┌─ Material to process

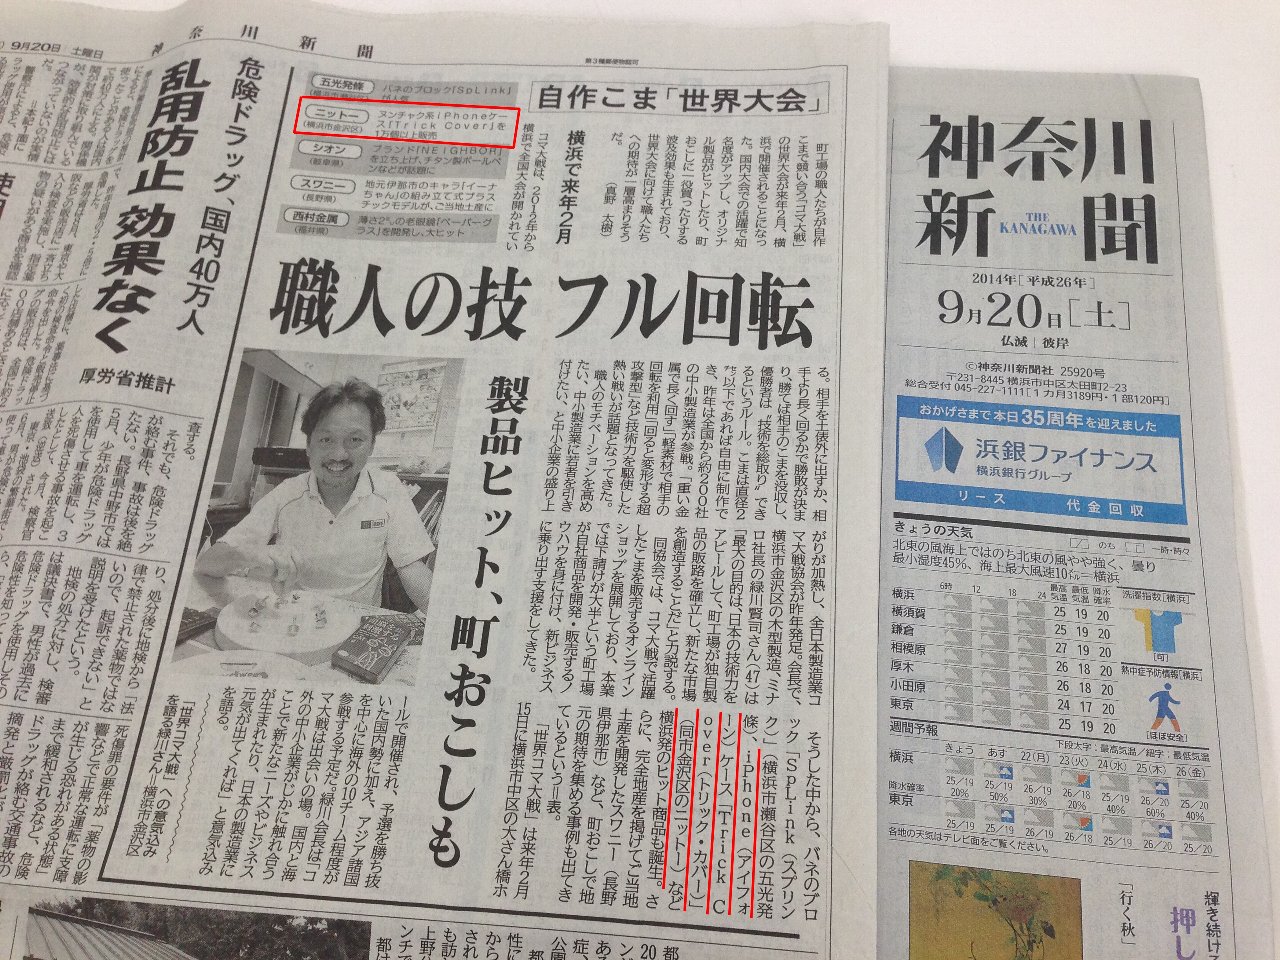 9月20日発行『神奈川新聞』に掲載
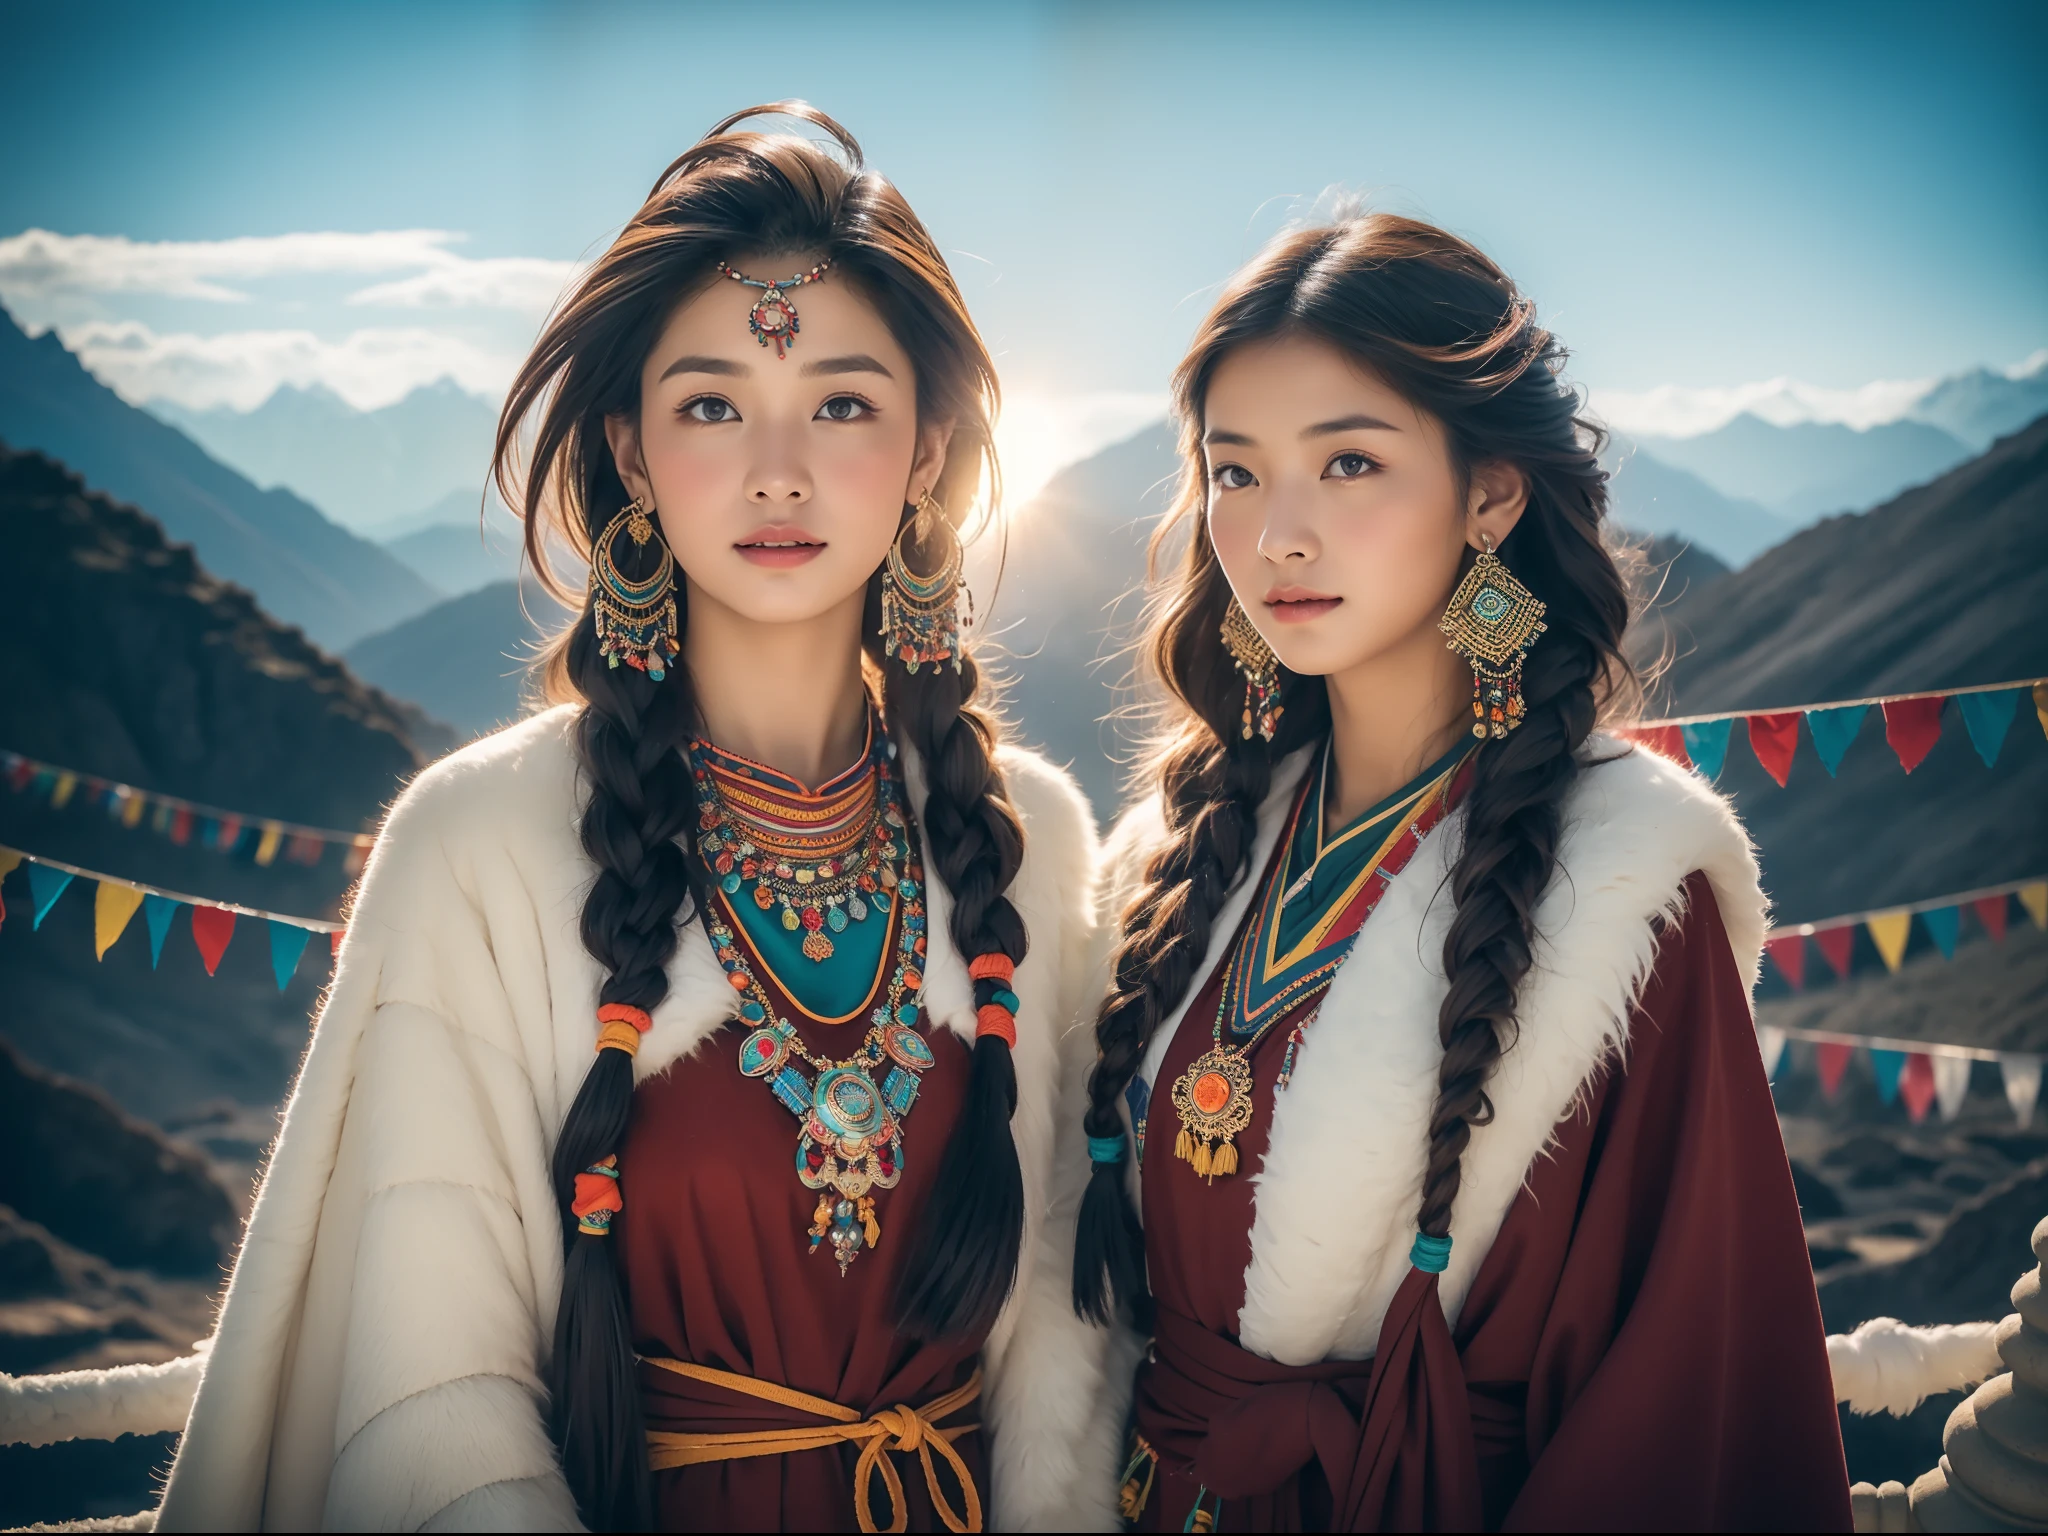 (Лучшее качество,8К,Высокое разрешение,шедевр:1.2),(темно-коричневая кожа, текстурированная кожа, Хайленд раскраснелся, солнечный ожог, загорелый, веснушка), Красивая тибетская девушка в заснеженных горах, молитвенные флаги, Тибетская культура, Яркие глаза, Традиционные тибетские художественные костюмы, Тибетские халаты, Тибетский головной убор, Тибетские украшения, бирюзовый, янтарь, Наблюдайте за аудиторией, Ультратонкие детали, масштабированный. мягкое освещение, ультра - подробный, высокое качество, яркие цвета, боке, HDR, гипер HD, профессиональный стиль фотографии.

└─
┌─ Material to process

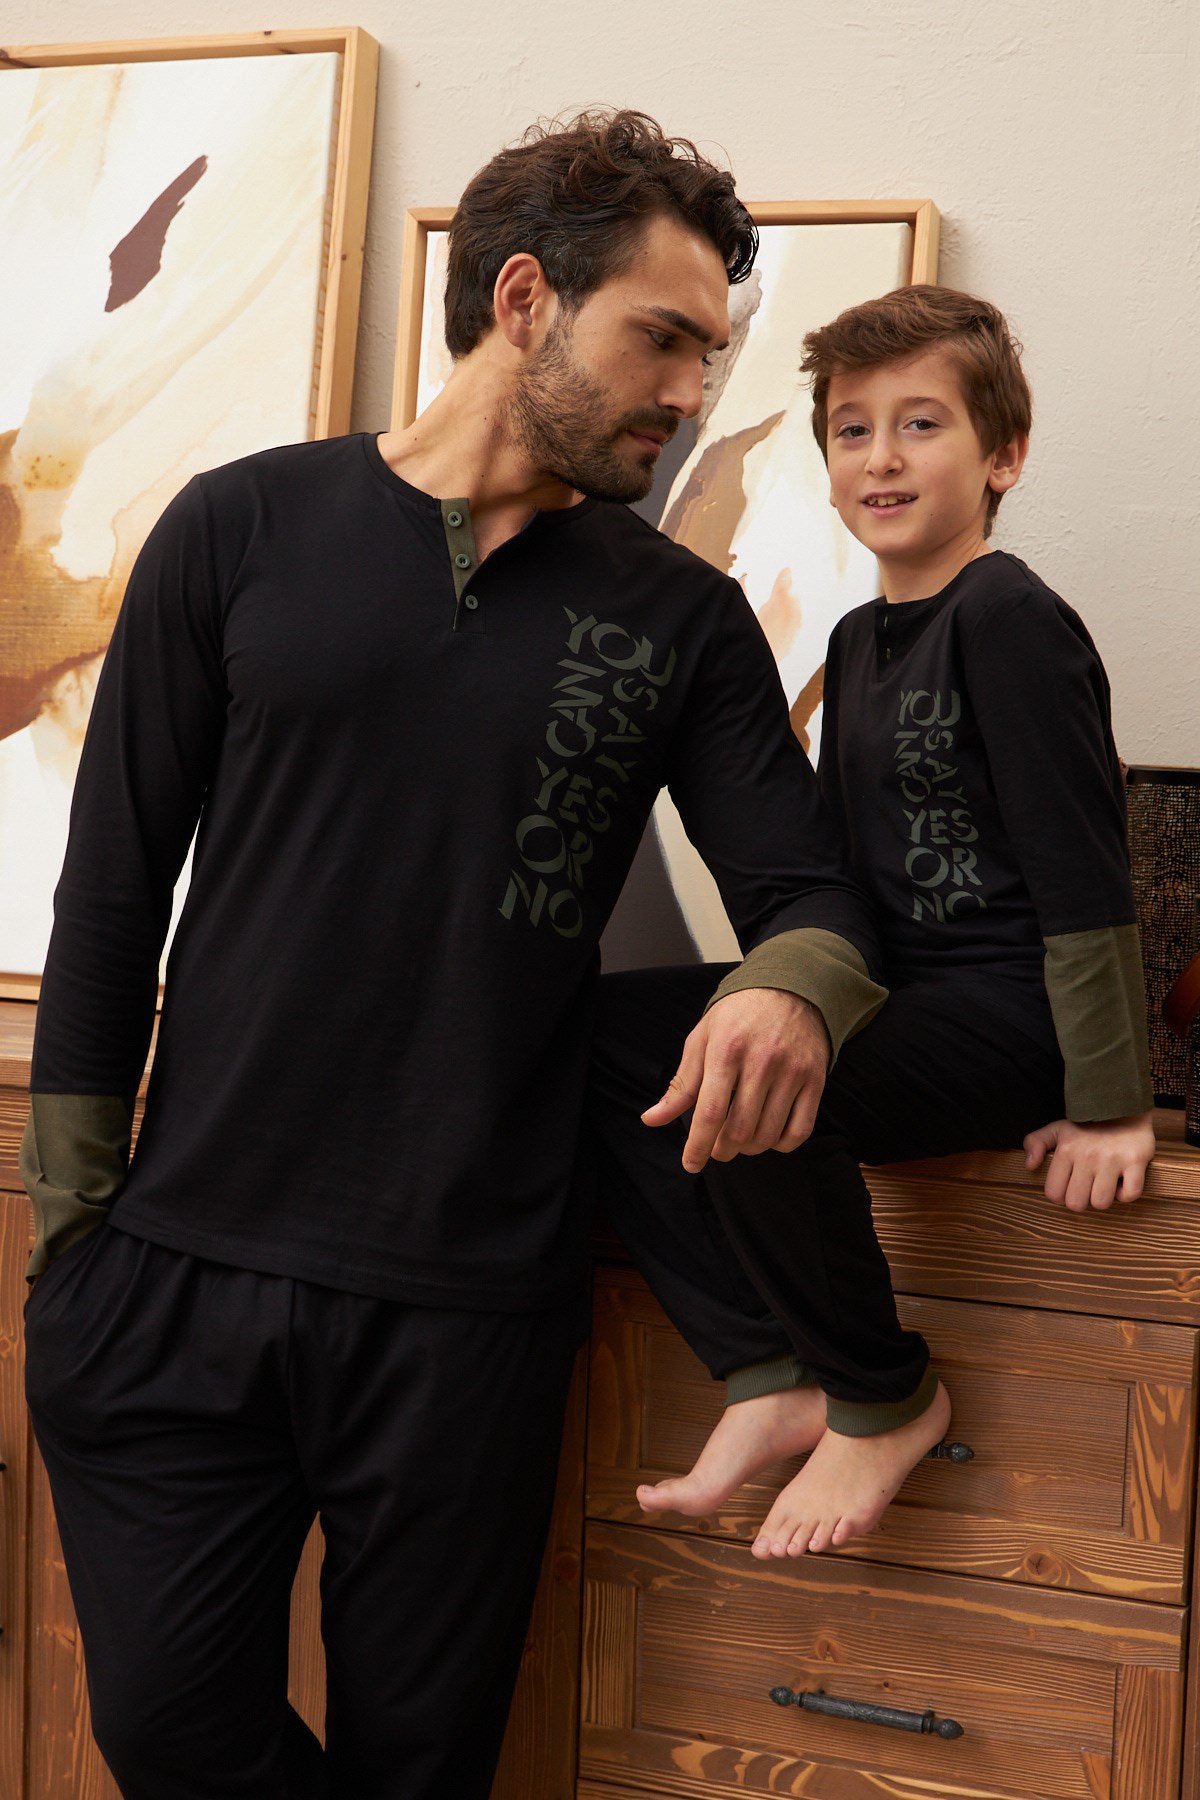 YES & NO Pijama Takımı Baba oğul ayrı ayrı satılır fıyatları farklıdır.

└─

With pictures omitted, repeat the entries above word for word from the line holding "9月20日発行『神奈川新聞』に掲載" down to the line holding "профессиональный стиль фотографии.", keeping both of those lines.

• [Your response]
 9月20日発行『神奈川新聞』に掲載
 (Лучшее качество,8К,Высокое разрешение,шедевр:1.2),(темно-коричневая кожа, текстурированная кожа, Хайленд раскраснелся, солнечный ожог, загорелый, веснушка), Красивая тибетская девушка в заснеженных горах, молитвенные флаги, Тибетская культура, Яркие глаза, Традиционные тибетские художественные костюмы, Тибетские халаты, Тибетский головной убор, Тибетские украшения, бирюзовый, янтарь, Наблюдайте за аудиторией, Ультратонкие детали, масштабированный. мягкое освещение, ультра - подробный, высокое качество, яркие цвета, боке, HDR, гипер HD, профессиональный стиль фотографии.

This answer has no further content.